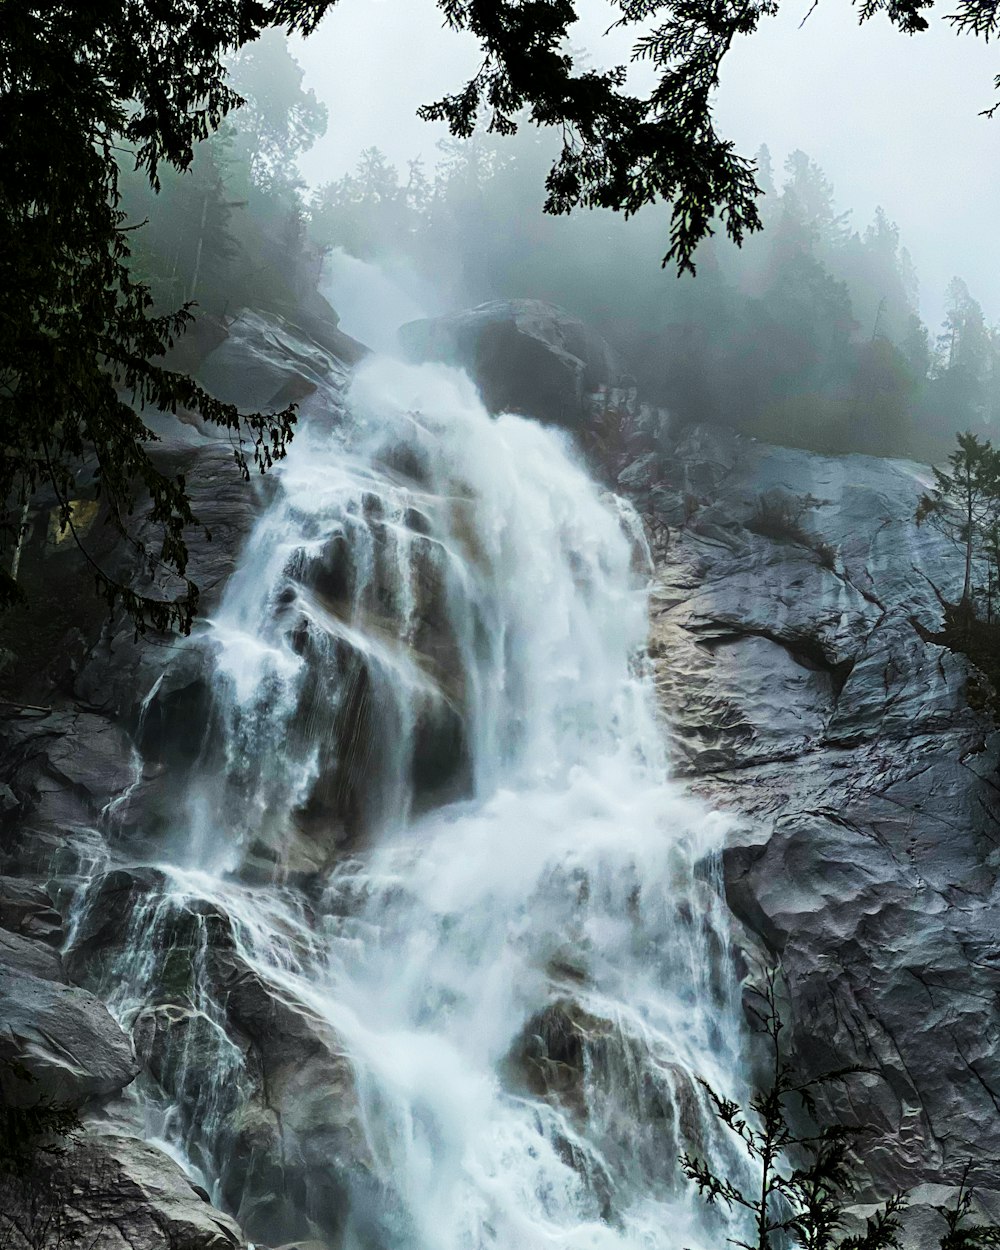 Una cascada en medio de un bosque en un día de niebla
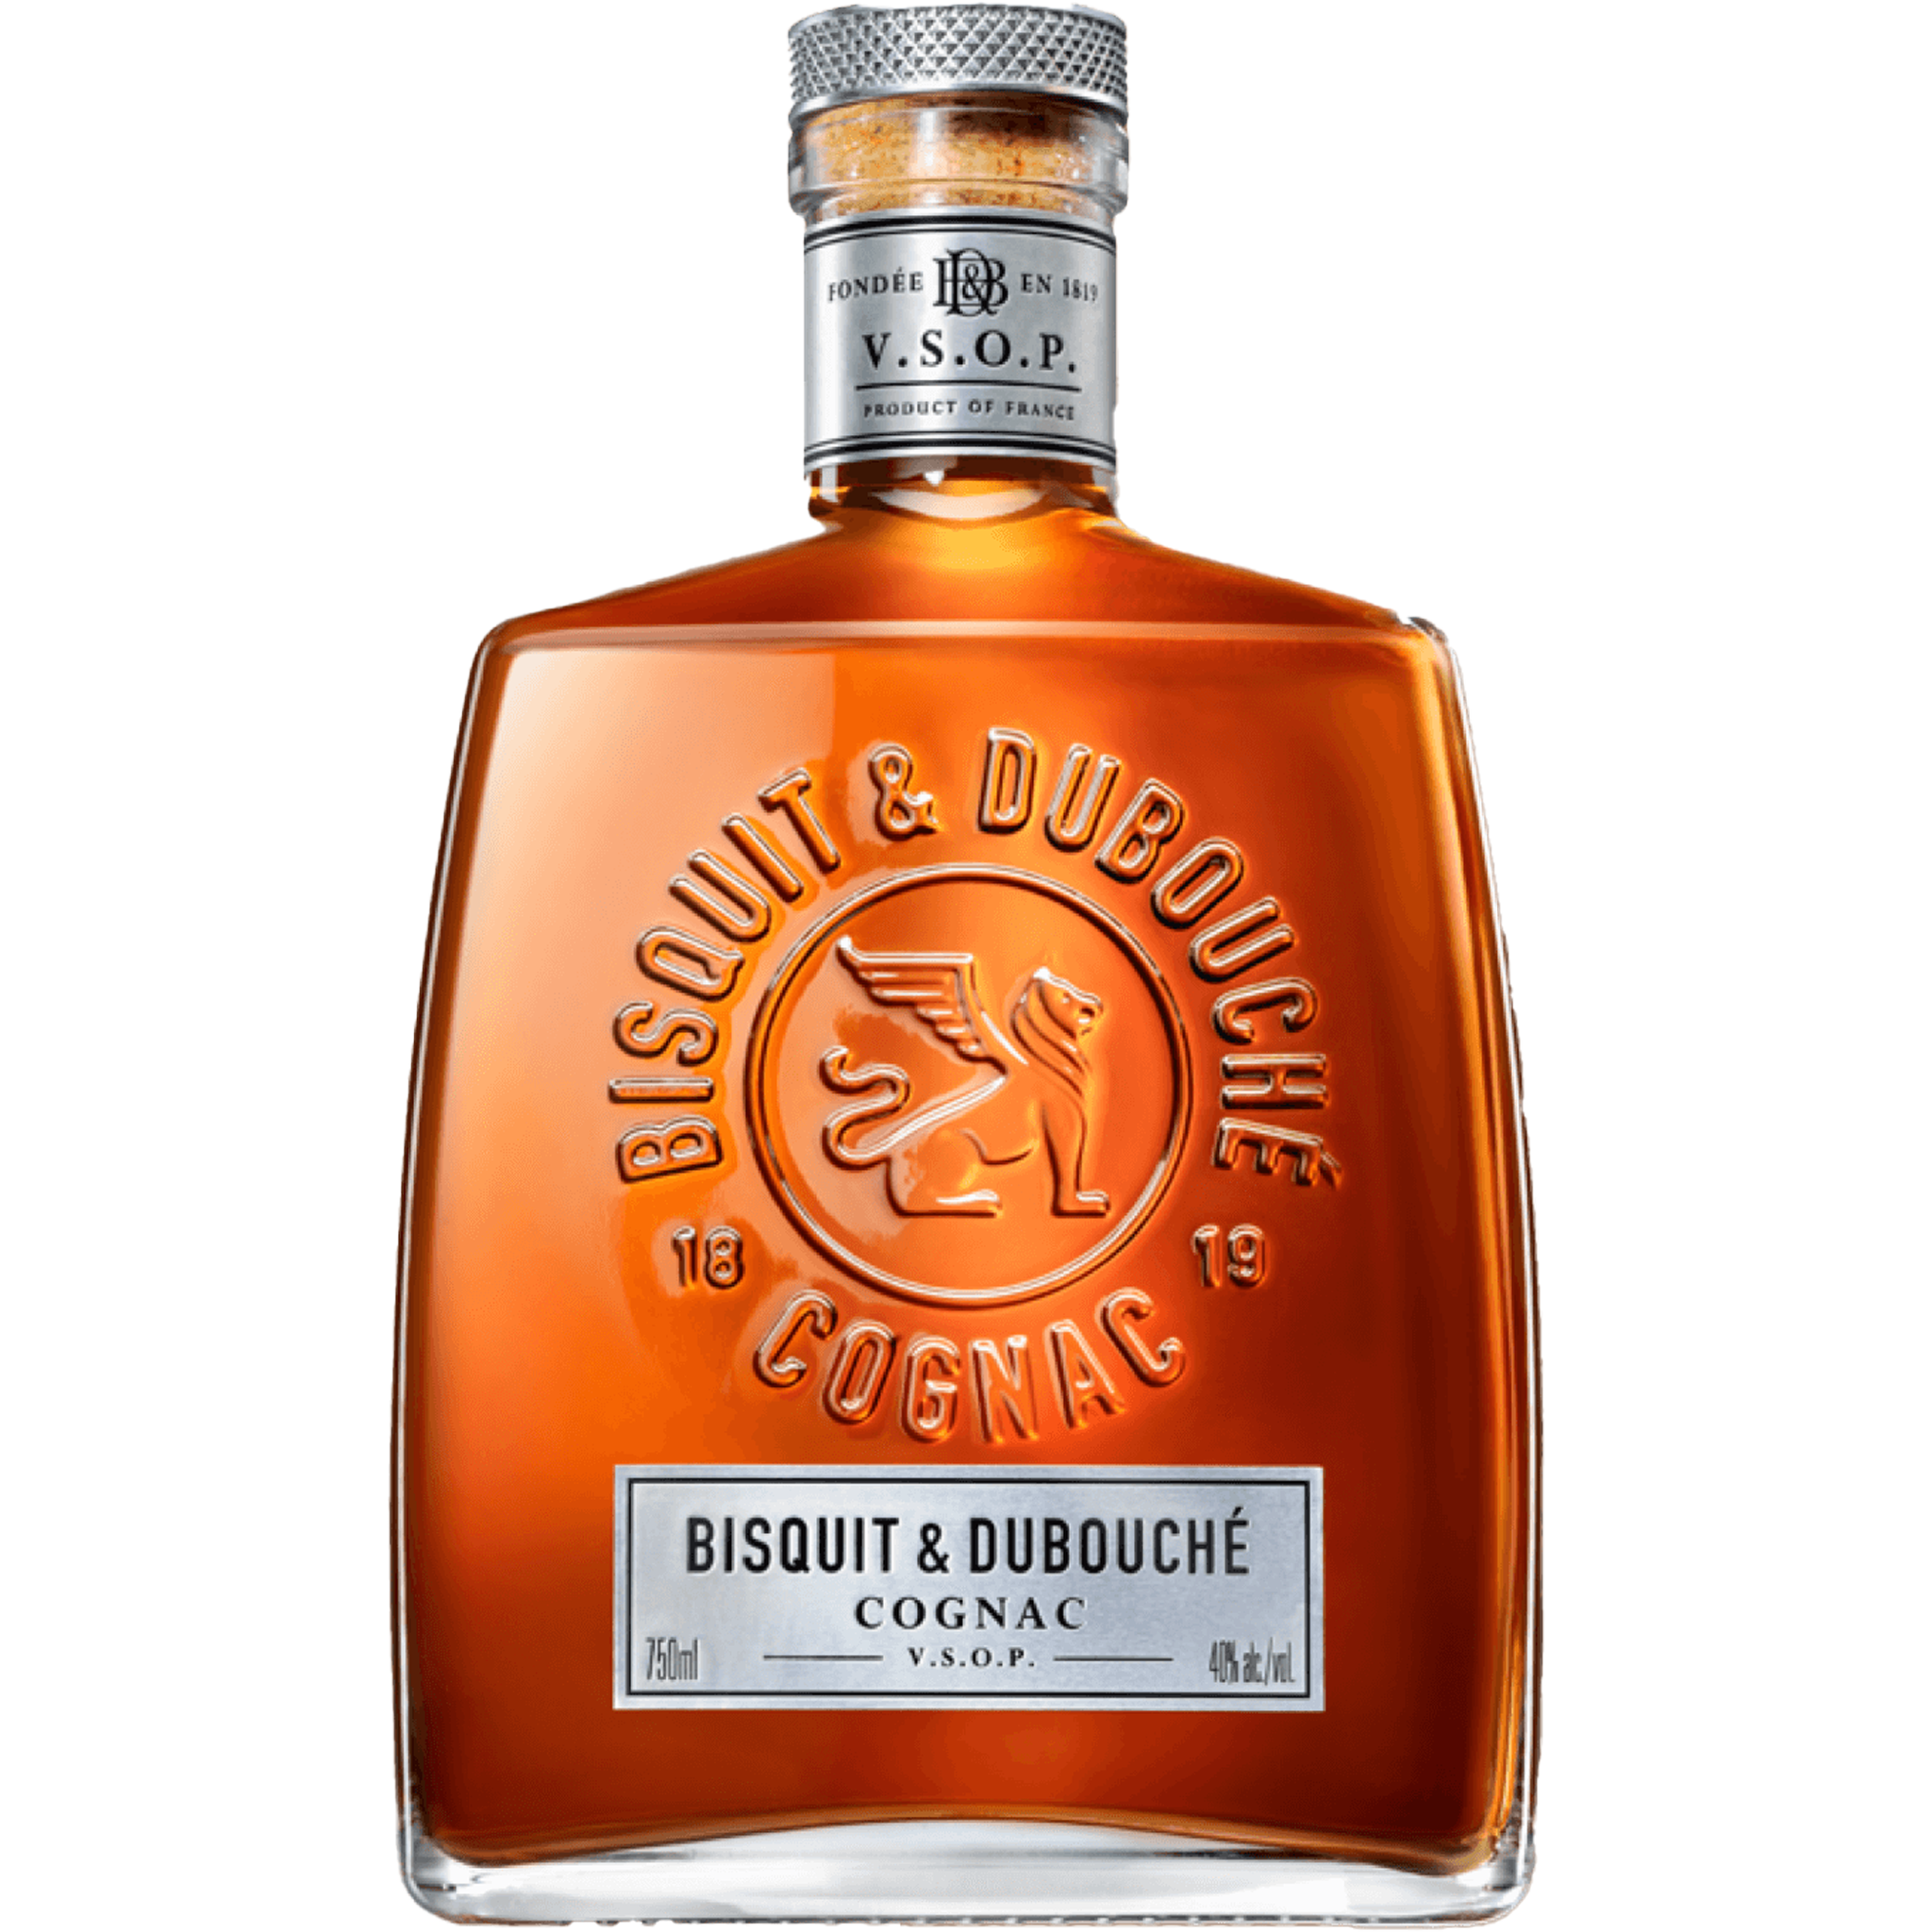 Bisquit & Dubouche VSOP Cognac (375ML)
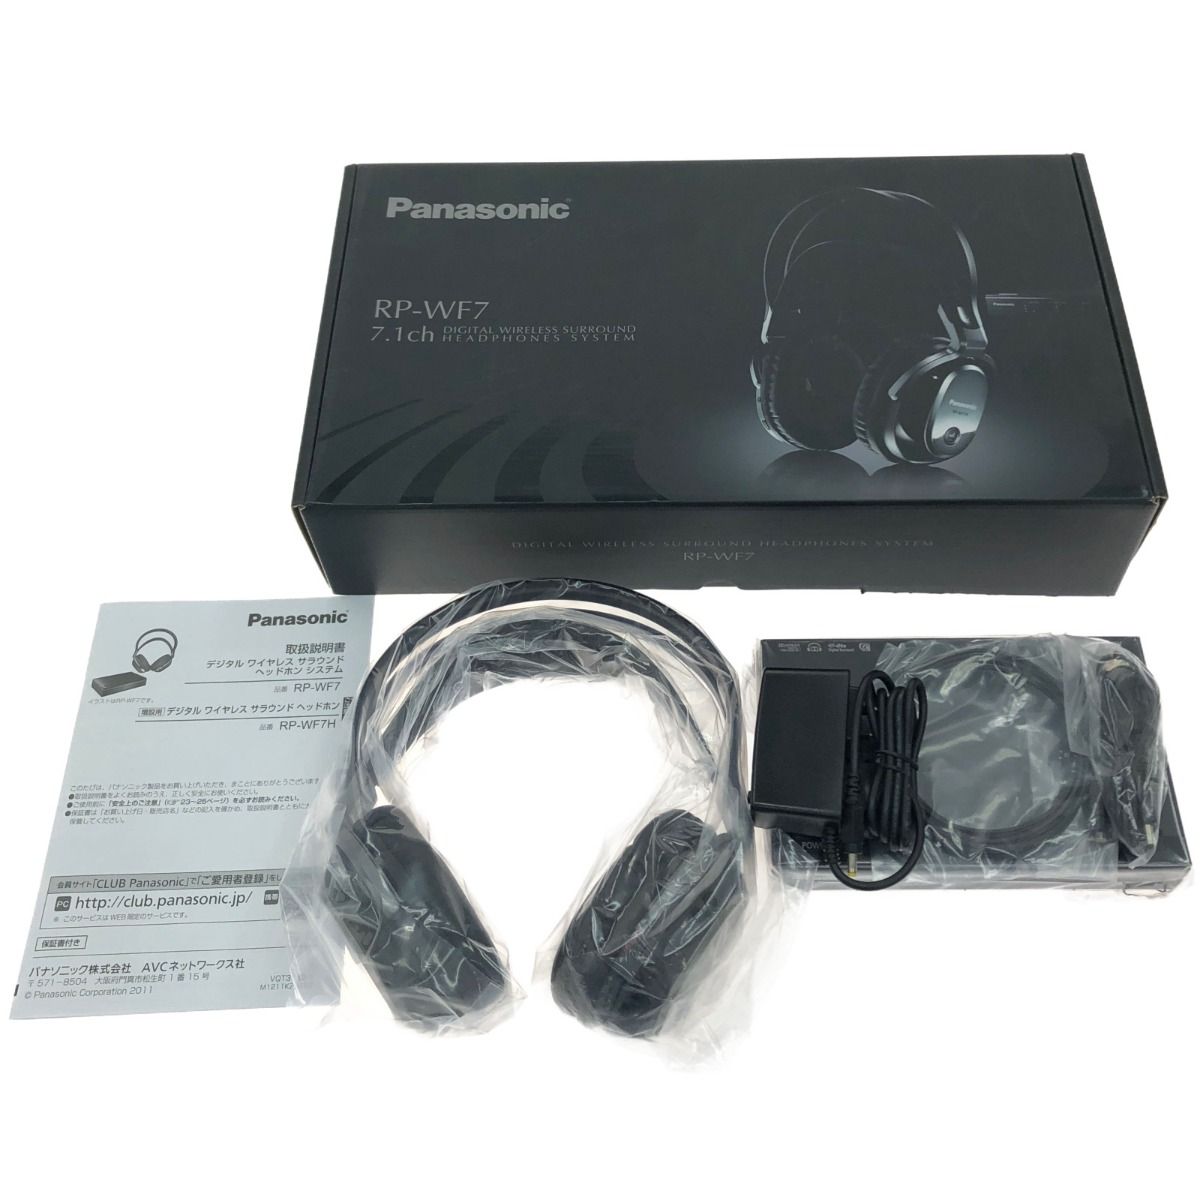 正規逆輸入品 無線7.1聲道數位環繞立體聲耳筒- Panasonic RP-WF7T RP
::::
What do the lines above say from the line containing "Bisquit & Dubouche VSOP Cognac (375ML)" through the last line? Quote them exactly, both ends included, and leave out the pictures.

 Bisquit & Dubouche VSOP Cognac (375ML)
 正規逆輸入品 無線7.1聲道數位環繞立體聲耳筒- Panasonic RP-WF7T RP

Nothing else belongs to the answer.